For inspiration, Jockel turned to examples of lace in the museum’s collection, such as the delicate collars fashioned in Flanders or Italy that appear in Dutch portraits of the seventeenth and eighteenth centuries. Jockel’s completed necklace has a Federal flair with its elliptical shape and large bow, and uses only glue to create links between the bee wings. The incomprehensible delicacy of the neckpiece is a reminder that the bee population is a fragile one, struggling to survive in the face of pesticide use and climate change.

Another commission was for a necklace and matching pair of earrings by Valerie James. The ornaments are a meditation on and homage to the Providence silver industry and its talented engravers. Using the museum’s highly regarded collection of Gorham silver, James created earrings shaped like the blades of Gorham fruit knives, and a scallop-edged necklace drawn from the many contours of platters and trays produced by the company. The diamond flash of the bright-cut, hand-engraved decoration of the necklace, which was assembled from fragments of shiny metal and is further enlivened with the occasional gilded surface, acknowledges a clear debt to the past while remaining attractive for a modern audience.

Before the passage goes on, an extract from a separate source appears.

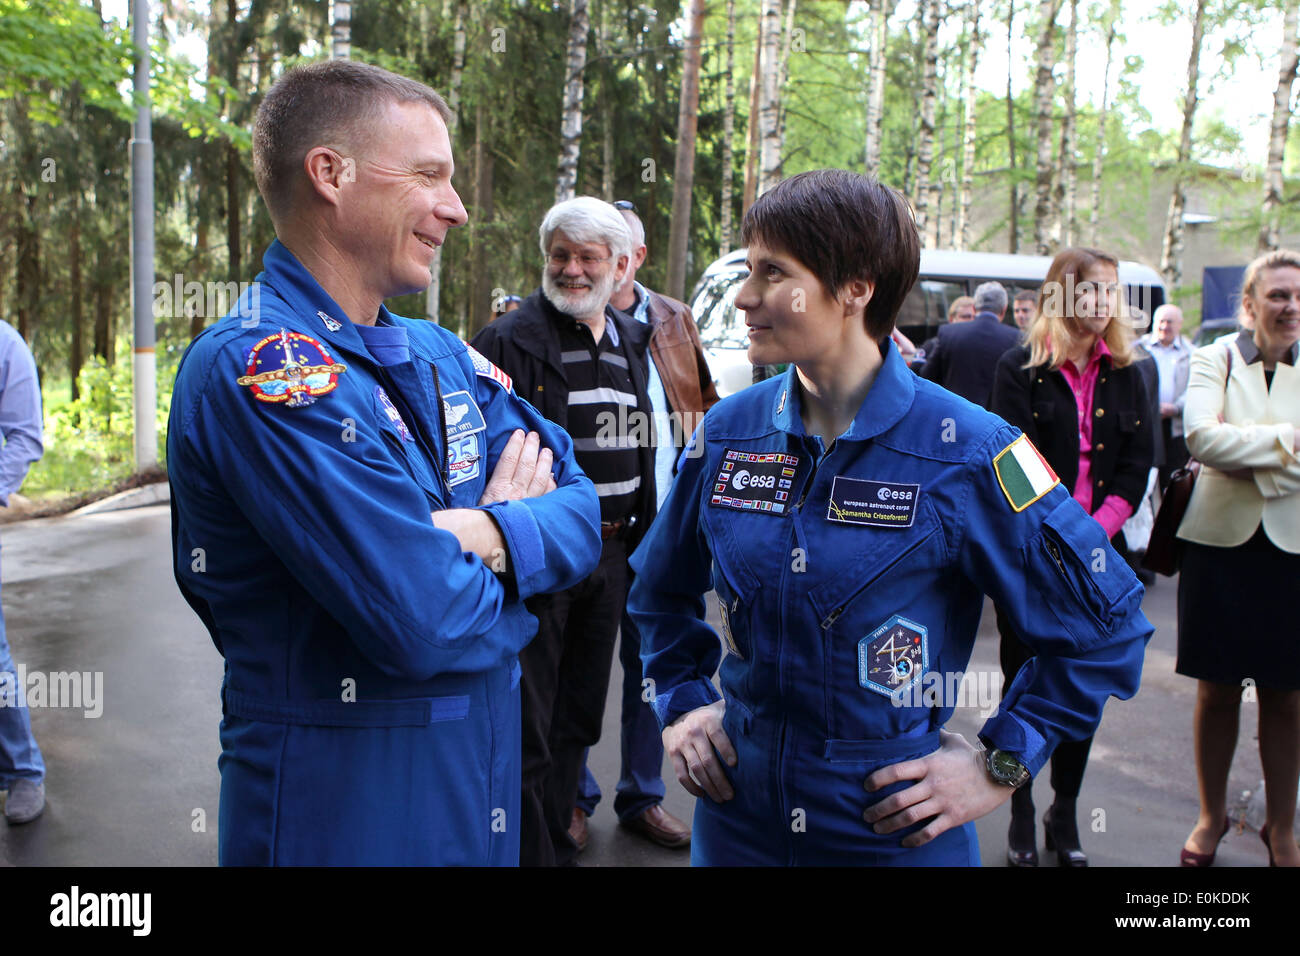 ISS Expedition 40/41 backup crew members Terry Virts of NASA, left, and Samantha Cristoforetti of the European Space Agency at the Gagarin Cosmonaut Training Center May 15, 2014 in Star City, Russia. Stock Photo

A final commission brought unlikely materials together to scintillating effect. In preparation for a forthcoming exhibition on historic wallpapers at the museum, Banas invited Mallory Weston to interpret the vast and lavish prints that will be on display in a work of her own design. Weston creates large-scale wearable jewelry that combines lightweight, anodized titanium in vivid colors with textile techniques for securing those elements to a flexible substrate, such as leather. During the pandemic, Weston created jewelry in the form of large leaves to acknowledge the popularity of houseplants as a means of coping with confinement during this stressful period. Finding similar inspiration in the lush and richly colored wallpapers ear-marked for the exhibition, she selected images of flowers and leaves from the papers and recombined them into a new composition on anodized titanium in a colorful, flexible neckpiece.

Curators and artists, along with the author, are finding that introducing a bit of the old world to the new has yielded impressive results. Here’s to future commissions!

 Romantic Subjects necklace by Mallory Weston (1986–), 2023. Anodized titanium, leather, cotton. Helen M. Danforth Acquisition Fund.